Two companies also have jack-up rigs headed to Cook Inlet to test offshore gas prospects.
Helmick said new supplies in the region are welcomed but given the pending shortfall the utilities can’t withstand the uncertainty of whether enough new drilling will occur or whether enough new gas will be found.
Meanwhile, technical and commercial uncertainties add to the mix. One technical concern is whether ice-strengthened LNG carriers are available that could reach a new import terminal built in north Cook Inlet, where winter ice can impede navigation. Ice would be less of a problem if the utilities opt to work with ConocoPhillips and Marathon at the existing LNG plant, which is further south on Cook Inlet.

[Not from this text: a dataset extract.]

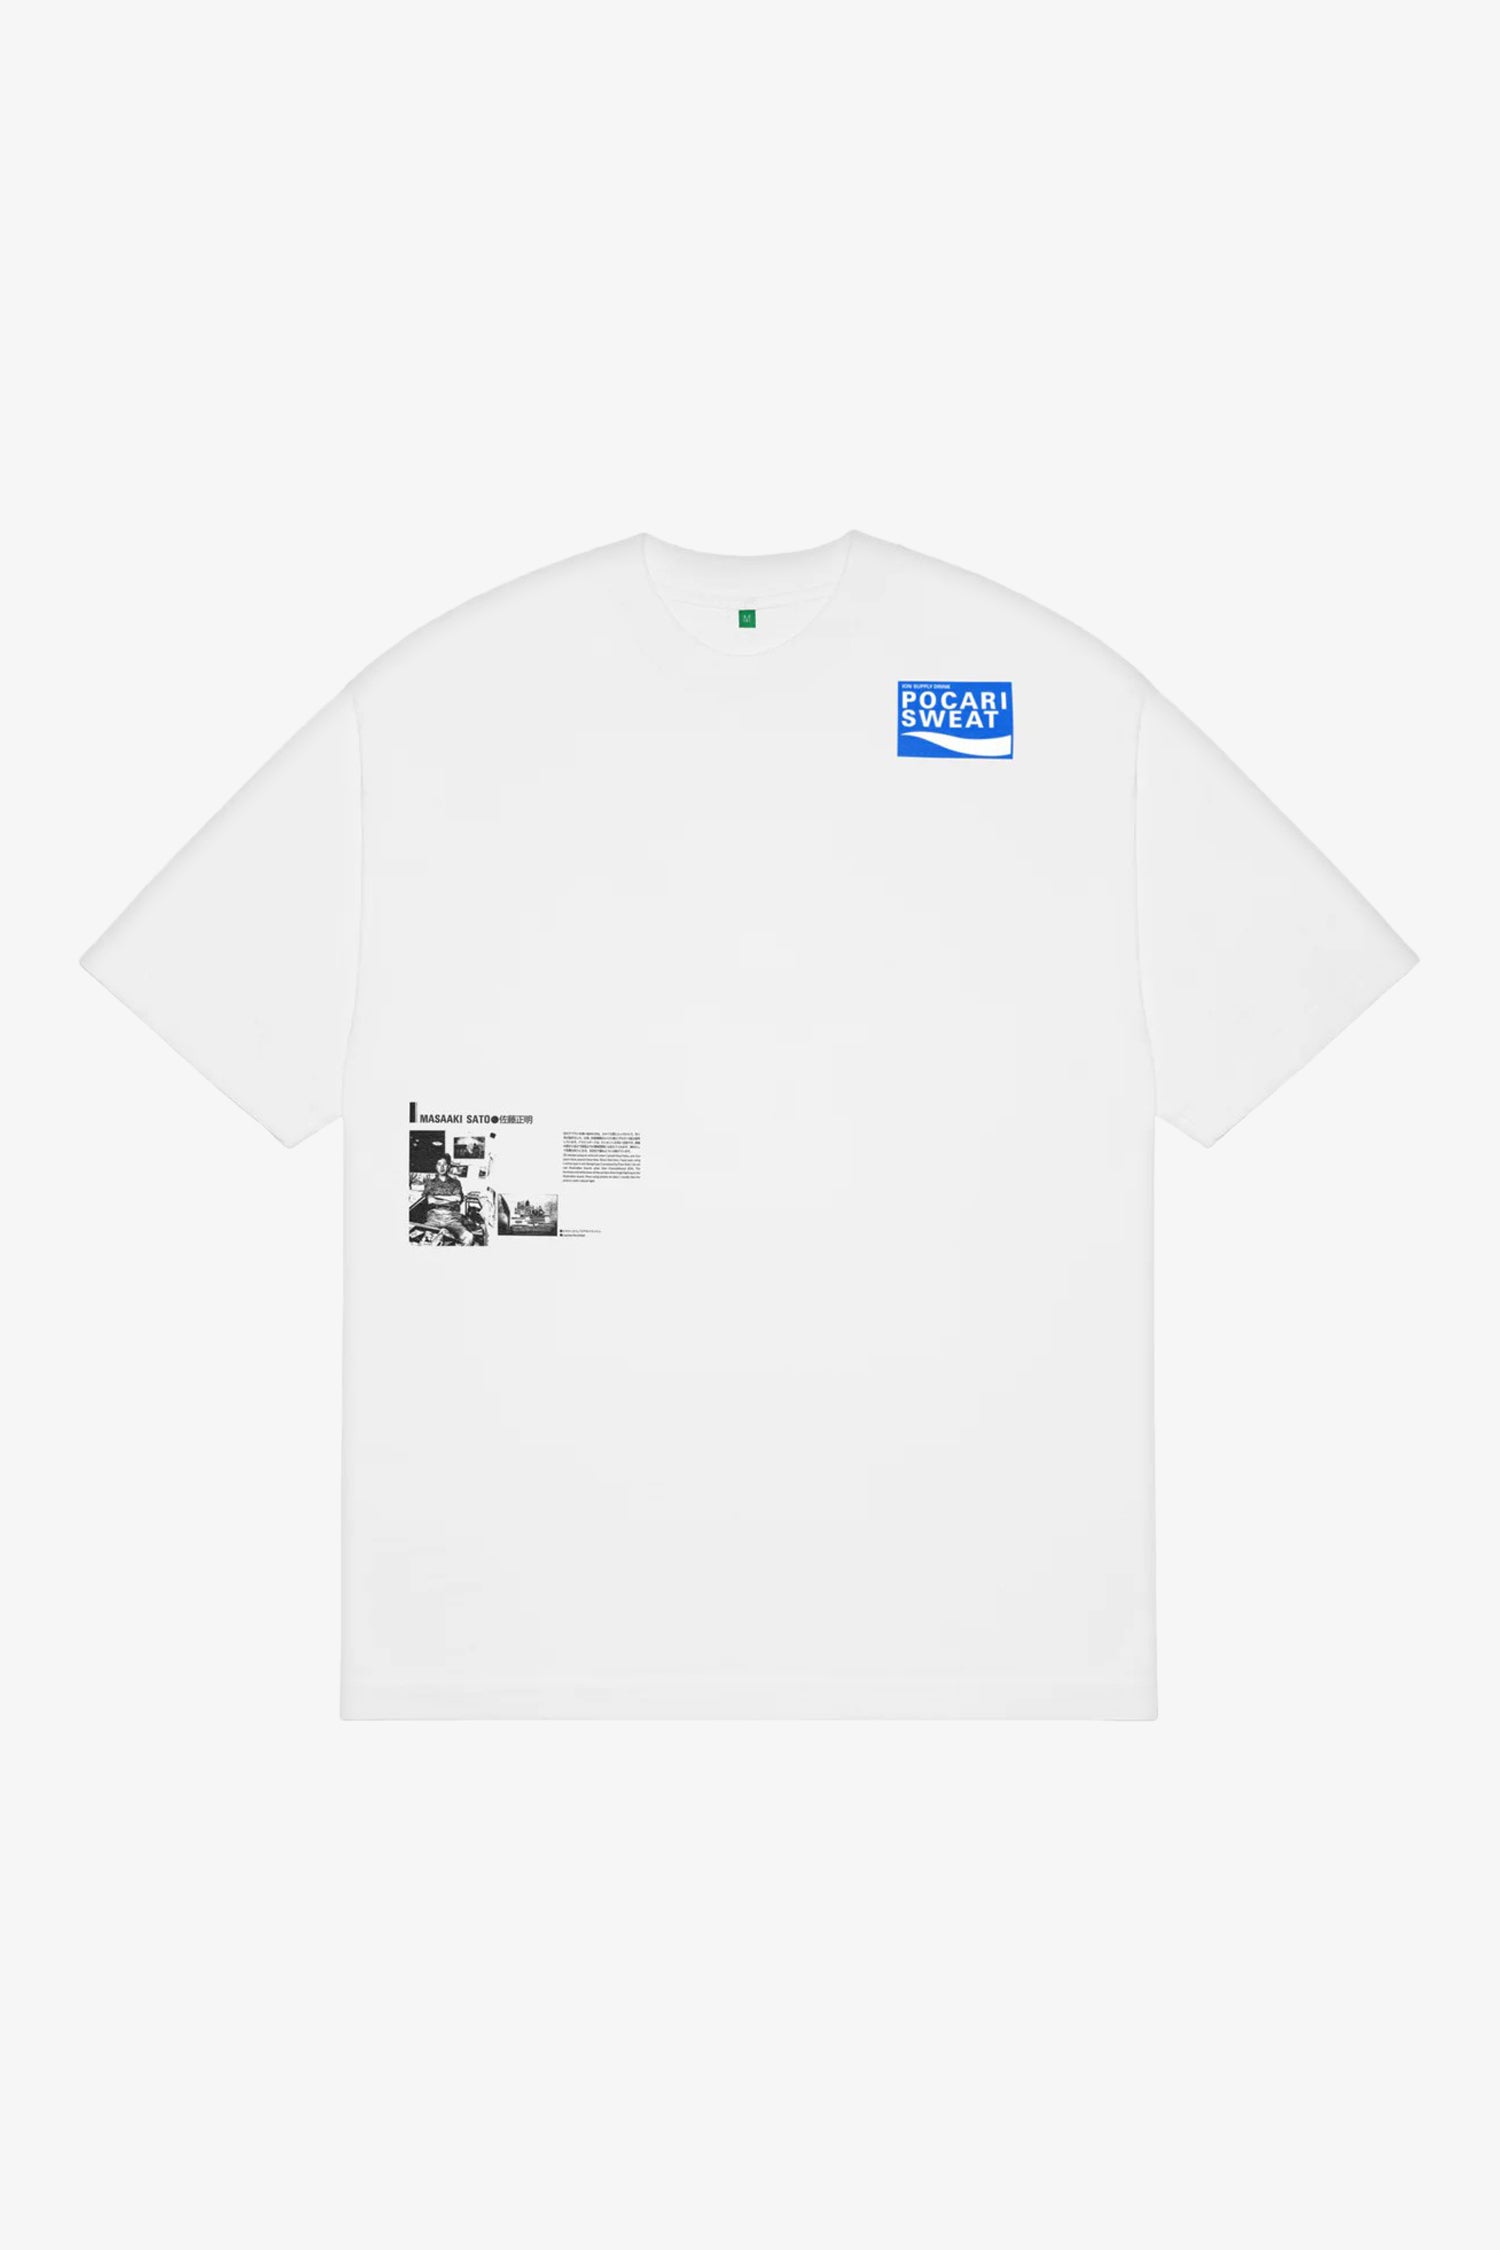 Pocari Sweat T-Shirt- Selectshop FRAME

LNG has been shipped routinely from the plant since operations began in 1969. There are also two LNG carriers built specifically to land at the Kenai plant terminal that are still in service.
A commercial uncertainty is whether LNG the utilities would purchase will contain gas liquids, as does most LNG supplied to Asia, or LNG without liquids, which might be less easily available. Gas produced in Cook Inlet fields is dry, and if LNG is imported with liquids those would have to be removed, imposing costs on the importers.